»Daß die vielzitierte Aufarbeitung der Vergangenheit (…) nicht gelang und zu ihrem Zerrbild (…) ausartete, rührt daher, dass die objektiven gesellschaftlichen Voraussetzungen fortbestehen, die den Faschismus zeitigten. (…) Die ökonomische Ordnung (…) verhält nach wie vor die Majorität zur Abhängigkeit von Gegebenheiten, über die sie nichts vermag, und zur Unmündigkeit.«
Theodor W. Adorno, Was heißt: Aufarbeitung der Vergangenheit? 1959
»Das Vergangene ist nicht tot; es ist nicht einmal vergangen.«
William Faulkner
»Was bedeutet: Aufarbeitung der Vergangenheit?«
»Was bedeutet: Aufarbeitung der Vergangenheit?«, fragte der Philosoph Theodor W. Adorno 1959. Als »Schlagwort« gebraucht, bemängelt Adorno, bedeute »Aufarbeitung der Vergangenheit nicht (…), dass man das Vergangene im Ernst verarbeite, um seinen Bann zu brechen durch helles Bewusstsein.« Es gelte: »Im Hause des Henkers soll man nicht vom Strick reden.« Adornos Kommentar zur Haltung der Adenauerzeit, es müsse ein Schlussstrich unter die Aufarbeitung der Nazi-Vergangenheit gesetzt werden:
Der Gestus, es solle alles vergessen und vergeben sein, der demjenigen anstünde, dem Unrecht widerfuhr, wird von den Parteigängern derer praktiziert, die es begingen.

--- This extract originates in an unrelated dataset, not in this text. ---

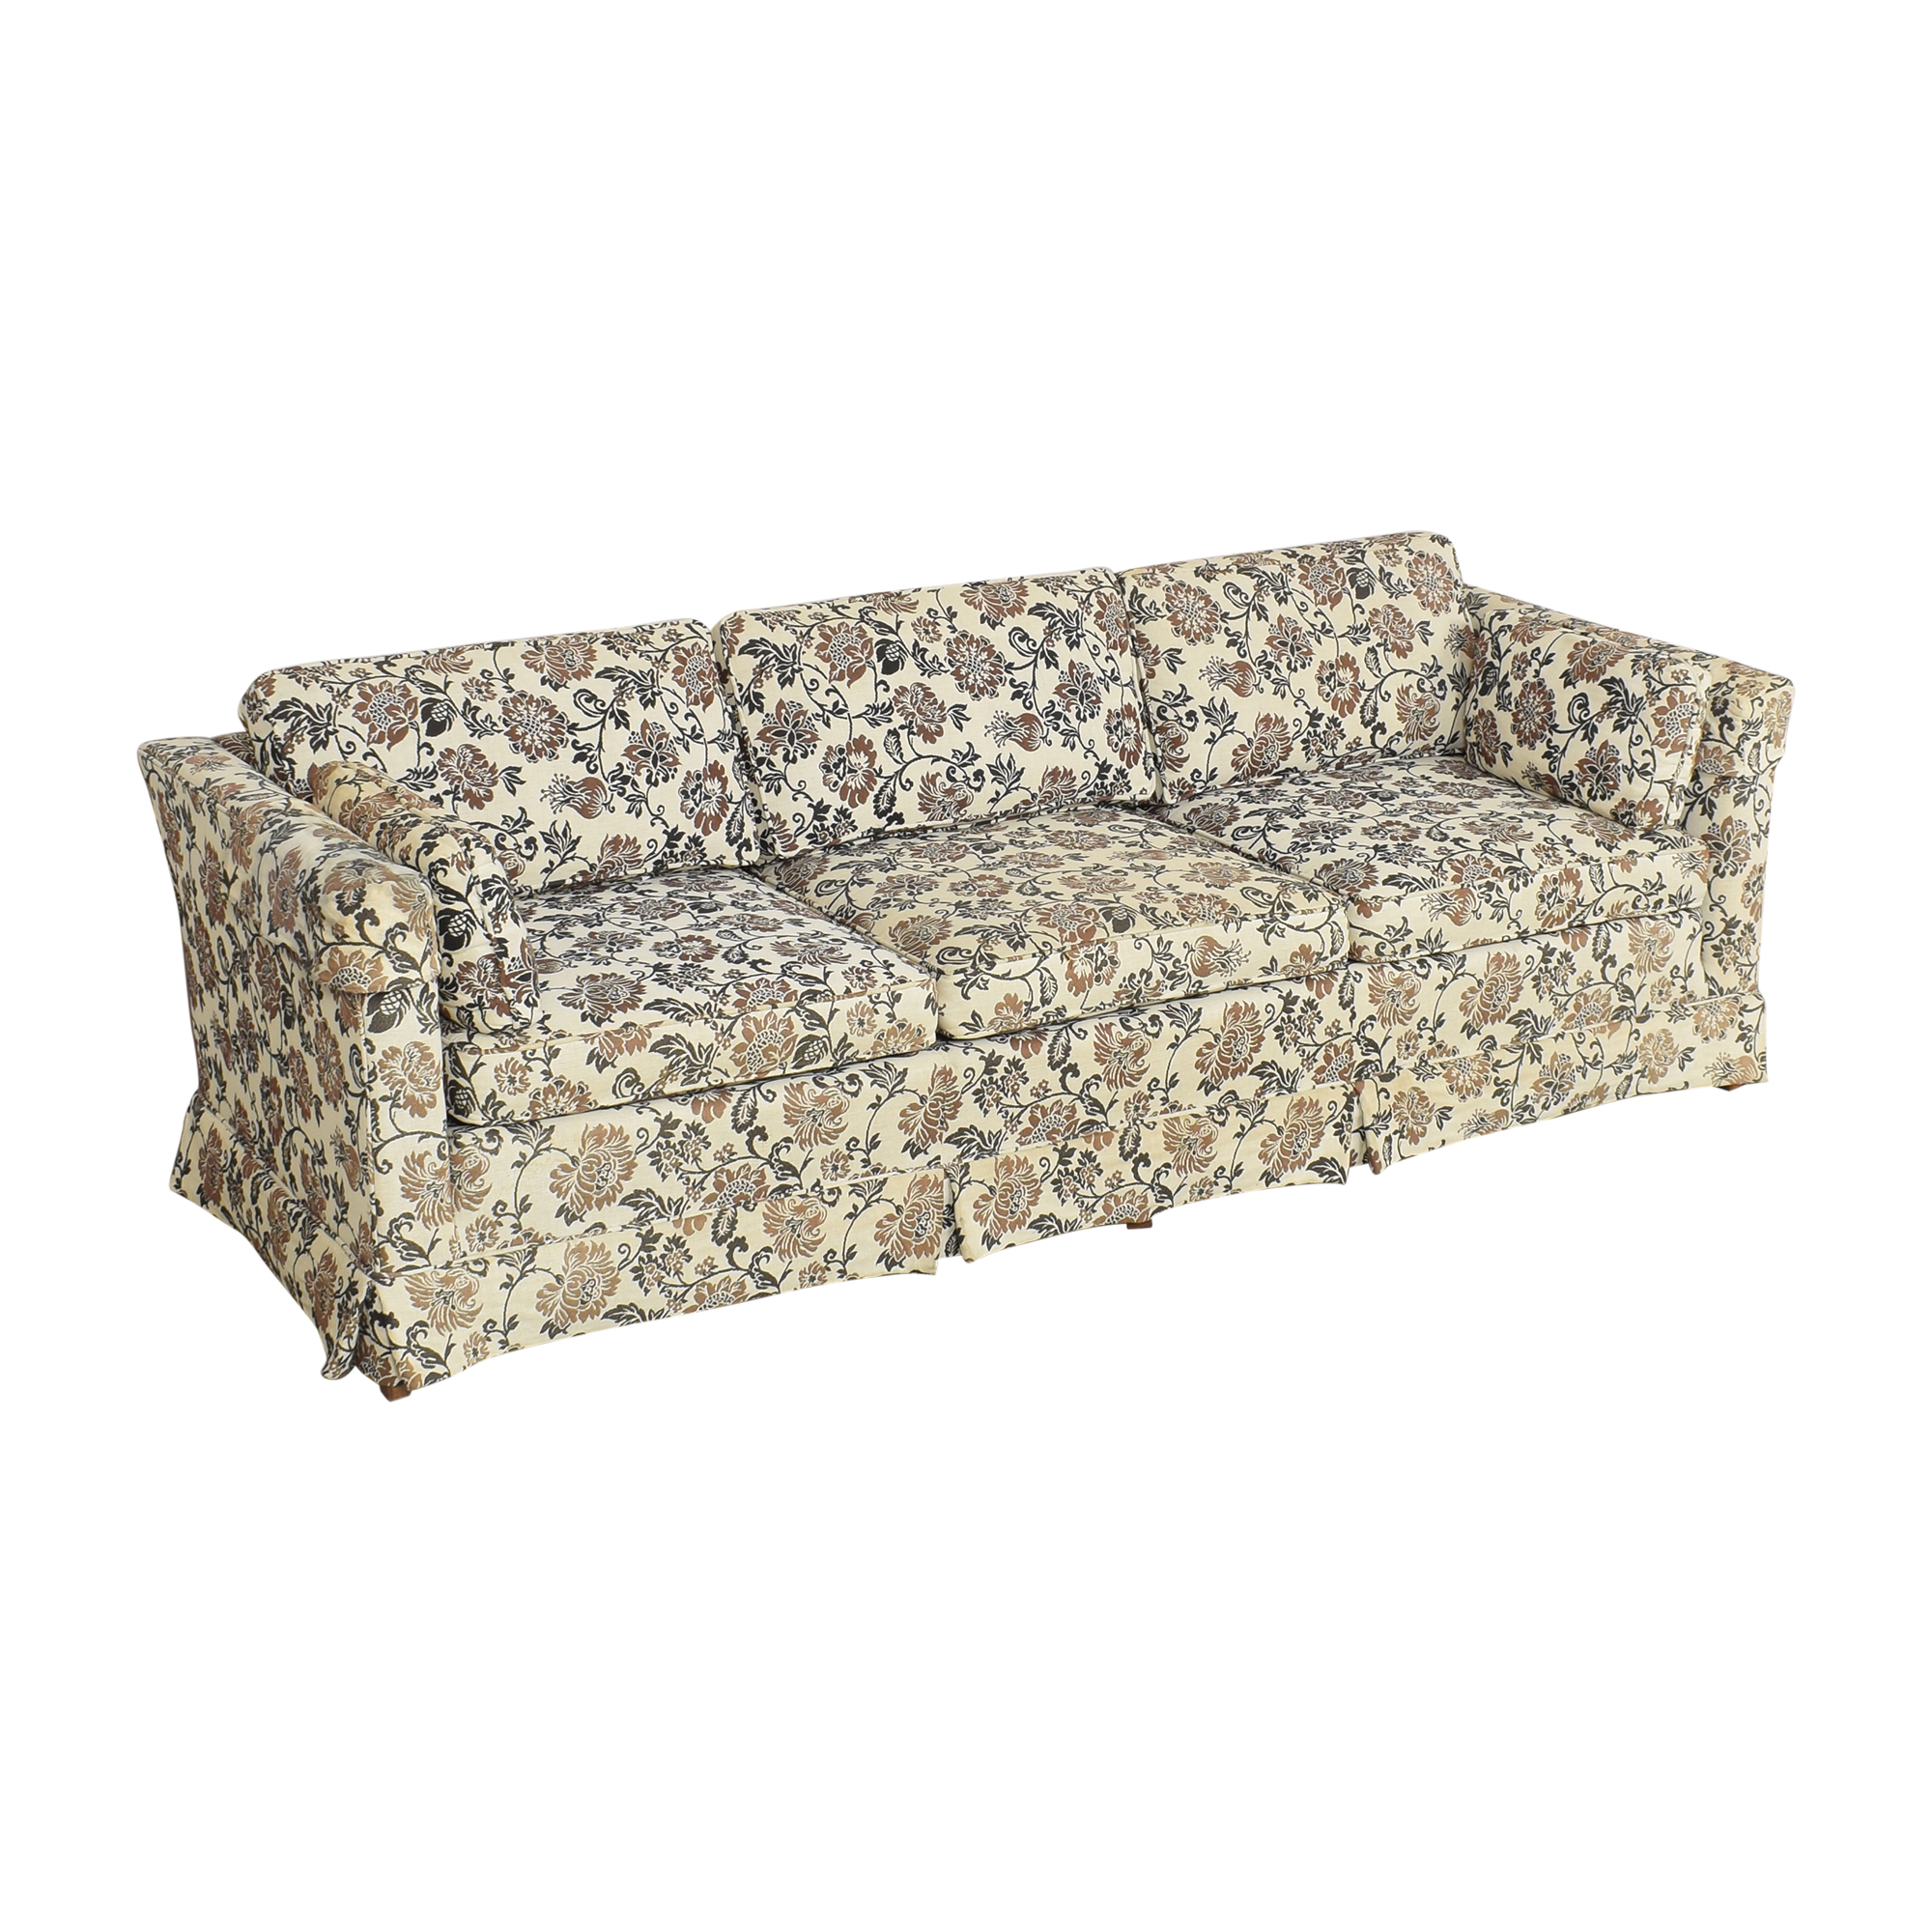 Ethan Allen Ethan Allen Skirted Three Cushion Sofa coupon

Angesichts des meist namenlosen Leids, das vielen Menschen durch sinnlose, nicht evidenzbasierte Corona-Maßnahmen widerfuhr, klingen Adornos Gedanken in uns Zeitgenossen eines neuen Zeitalters – des Zeitalters der »pandemischen« Angst – nach und lassen aufhorchen. Während sich die Erkrankungs- und Todeszahlen im statistisch für Infektionserkrankungen der oberen Atemwege erwartbaren Rahmen hielten, muss inzwischen davon ausgegangen werden, dass die politisch zu verantwortenden »Kollateralschäden« die durch das Virus hervorgerufene Anzahl an Opfern bei weitem übersteigen.